As the financial world prepares for the Anthropic briefings, the primary challenge for regulators will be moving beyond awareness and into coordinated action. The global nature of the financial system means that a vulnerability in one regional banking hub can quickly threaten the stability of the entire network. While the Financial Stability Board provides a forum for discussion, the actual implementation of security upgrades remains the responsibility of individual nations and private institutions.
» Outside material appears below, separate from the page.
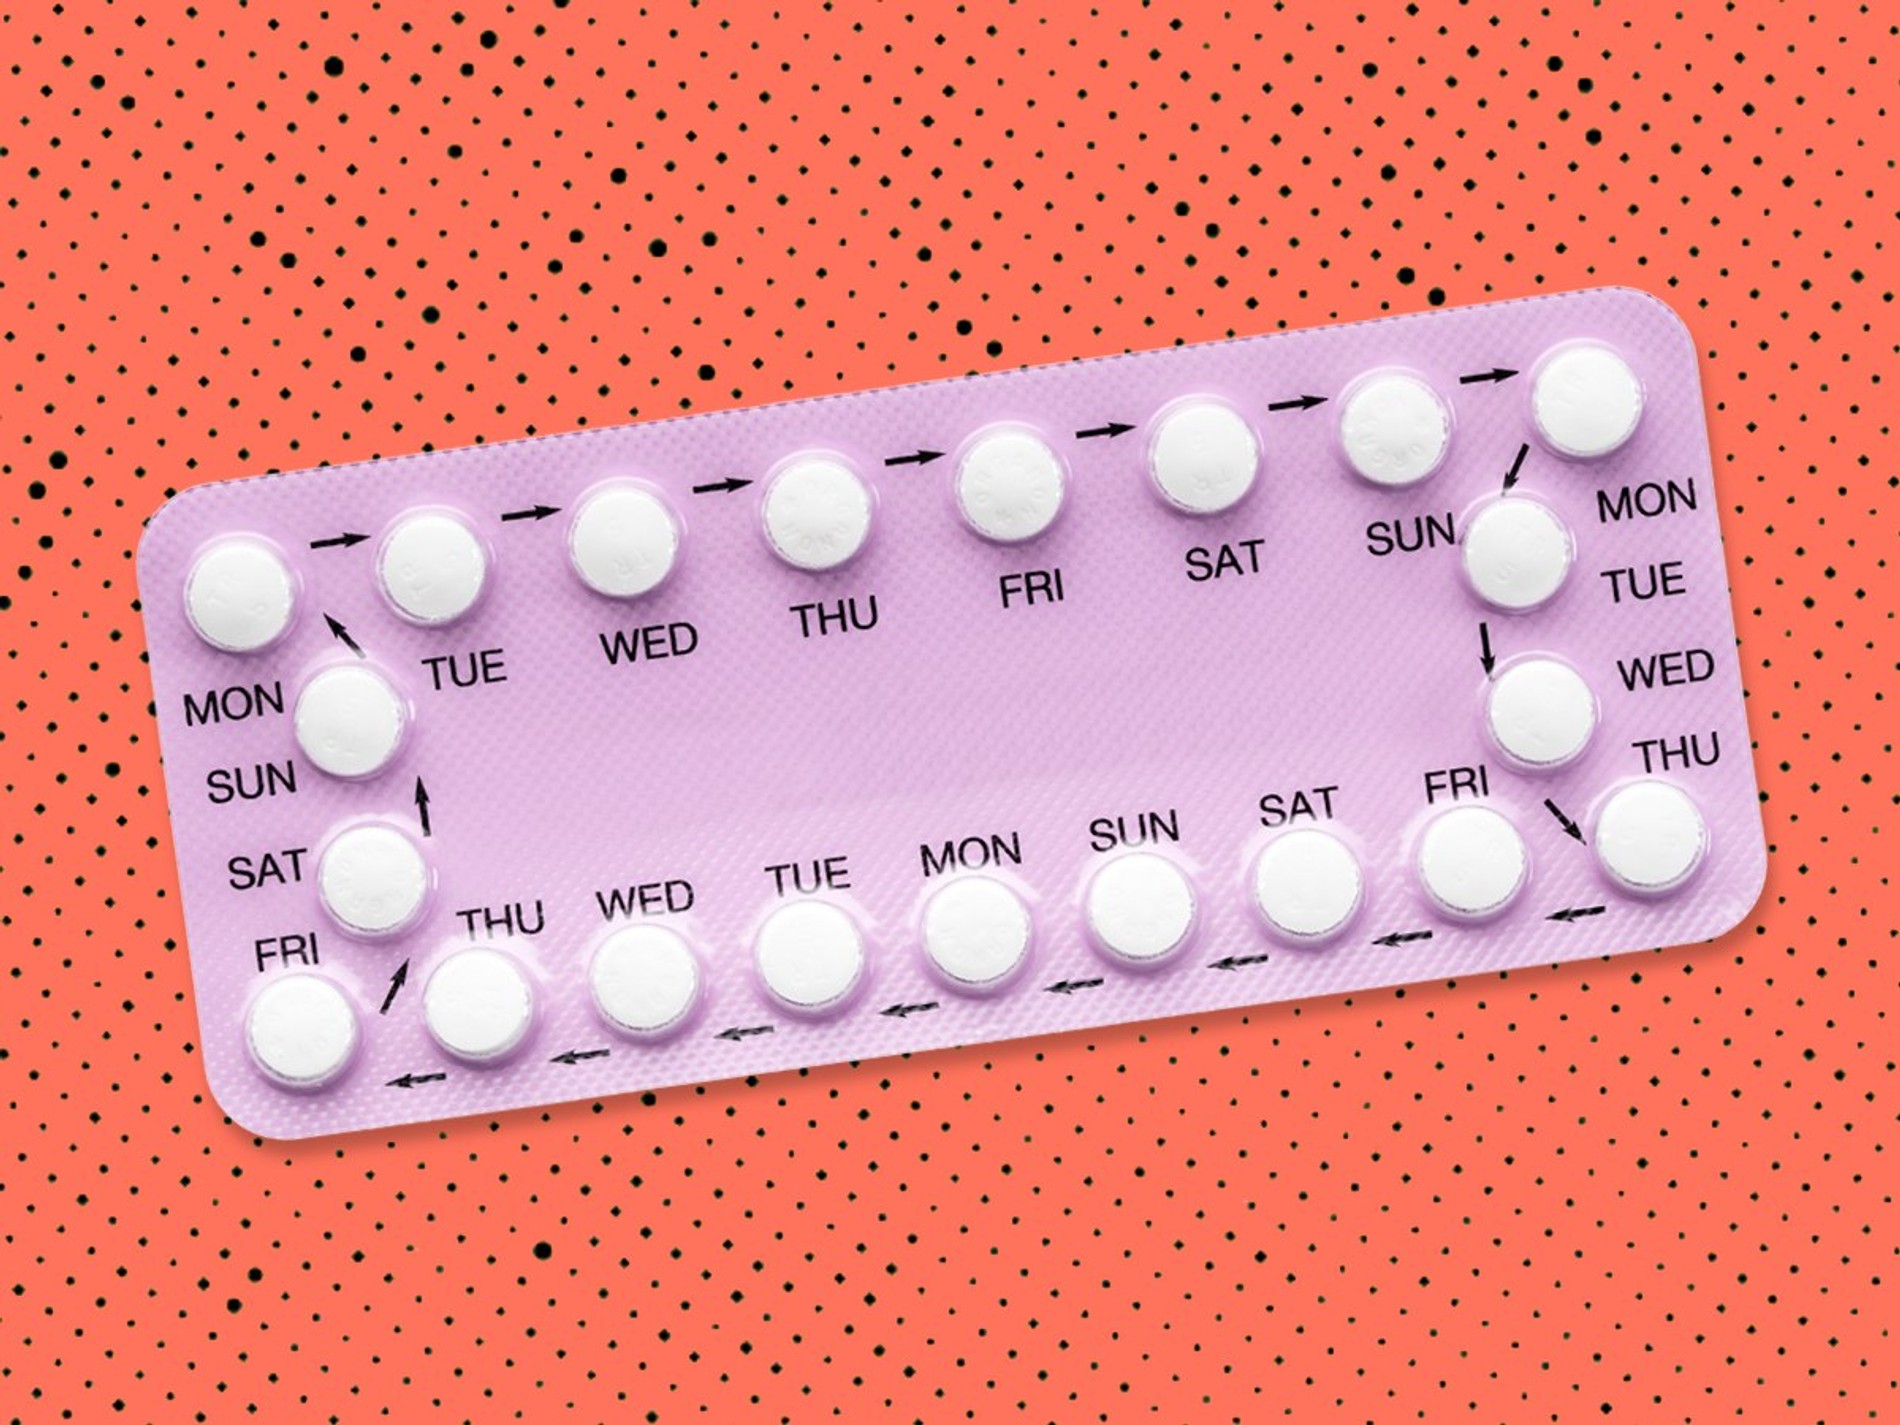 Есть ли таблетка противозачаточная. Противозачаточные. Противозачатныетаблетки. Гормональные противозачаточные таблетки. Гормональные таблетки контрацептивы.

The geopolitical tensions currently straining international cooperation may complicate efforts to form a unified front against AI-driven cyber threats.[3][1] Nevertheless, the scale of the flaws uncovered by Claude Mythos has made it clear that the status quo of cybersecurity is no longer tenable.

Ultimately, the revelation of these vulnerabilities serves as a stark reminder that the integration of artificial intelligence into the global economy is a double-edged sword. While AI promises to revolutionize productivity and market efficiency, it also possesses the power to deconstruct the digital foundations upon which modern finance is built. The briefings between Anthropic and the world’s central bankers represent an unprecedented attempt to get ahead of a technological curve that is moving faster than the traditional regulatory process. Whether these institutions can adapt their defenses at the speed of an AI’s reasoning will likely determine the long-term resilience of the global financial order in the age of frontier models.